Provided records:
[Start of section]
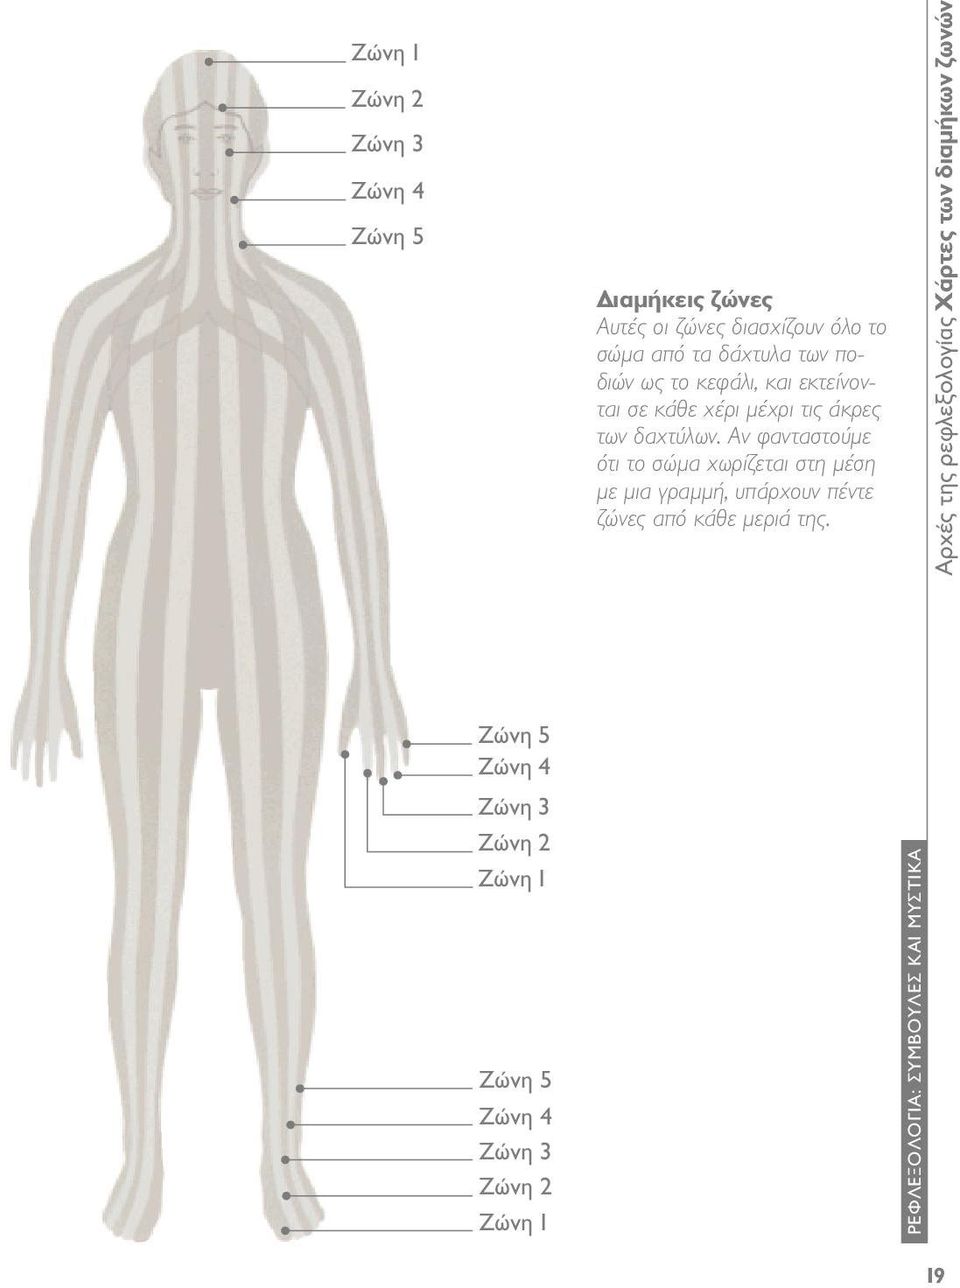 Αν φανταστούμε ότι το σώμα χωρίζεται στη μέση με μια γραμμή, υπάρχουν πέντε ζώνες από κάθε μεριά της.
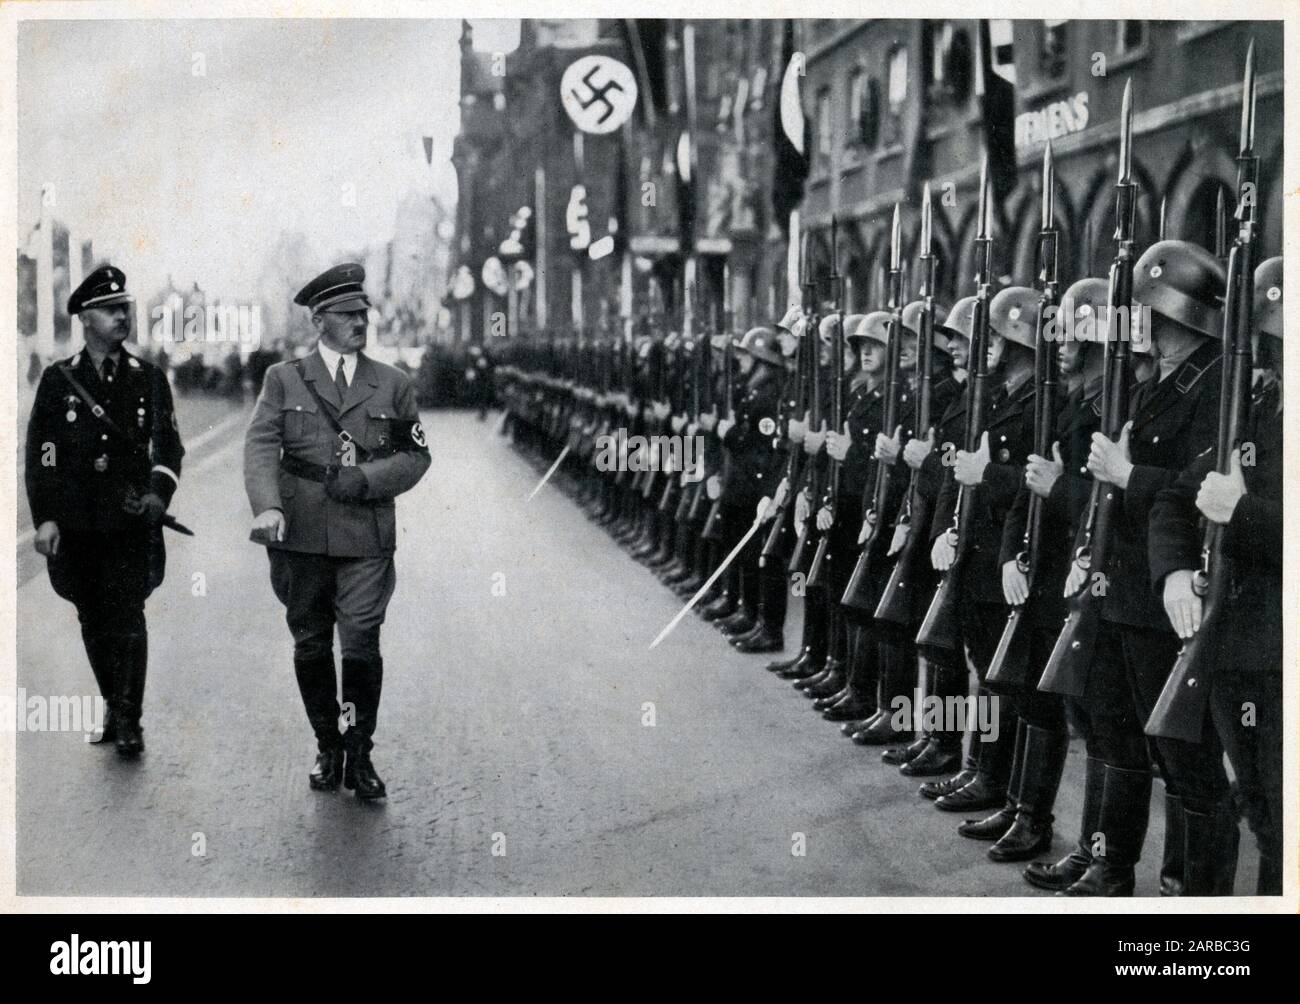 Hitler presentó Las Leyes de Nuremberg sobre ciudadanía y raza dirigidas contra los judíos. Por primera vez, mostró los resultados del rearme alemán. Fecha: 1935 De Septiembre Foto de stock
[End of section]
[Start of section]
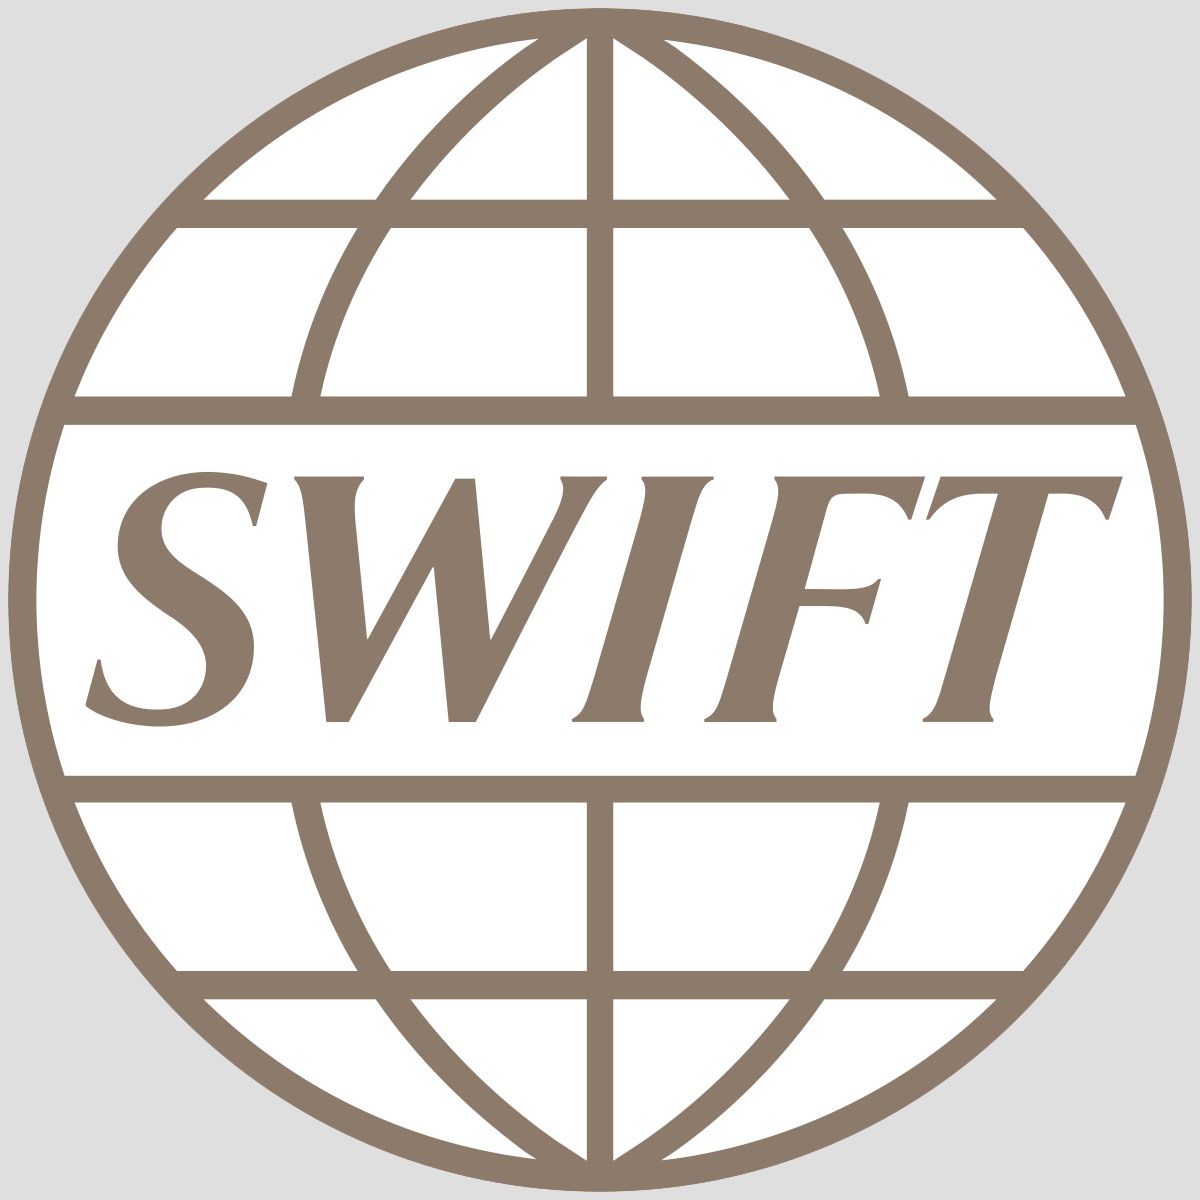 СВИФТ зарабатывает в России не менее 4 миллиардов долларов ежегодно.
[End of section]
Work to complete: Would you restate, exactly and with no pictures, the lines of the entries above from the one containing "Αν φανταστούμε ότι" through the one containing "Hitler presentó Las"?

Solution for this problem:
 Αν φανταστούμε ότι το σώμα χωρίζεται στη μέση με μια γραμμή, υπάρχουν πέντε ζώνες από κάθε μεριά της.
 Hitler presentó Las Leyes de Nuremberg sobre ciudadanía y raza dirigidas contra los judíos. Por primera vez, mostró los resultados del rearme alemán. Fecha: 1935 De Septiembre Foto de stock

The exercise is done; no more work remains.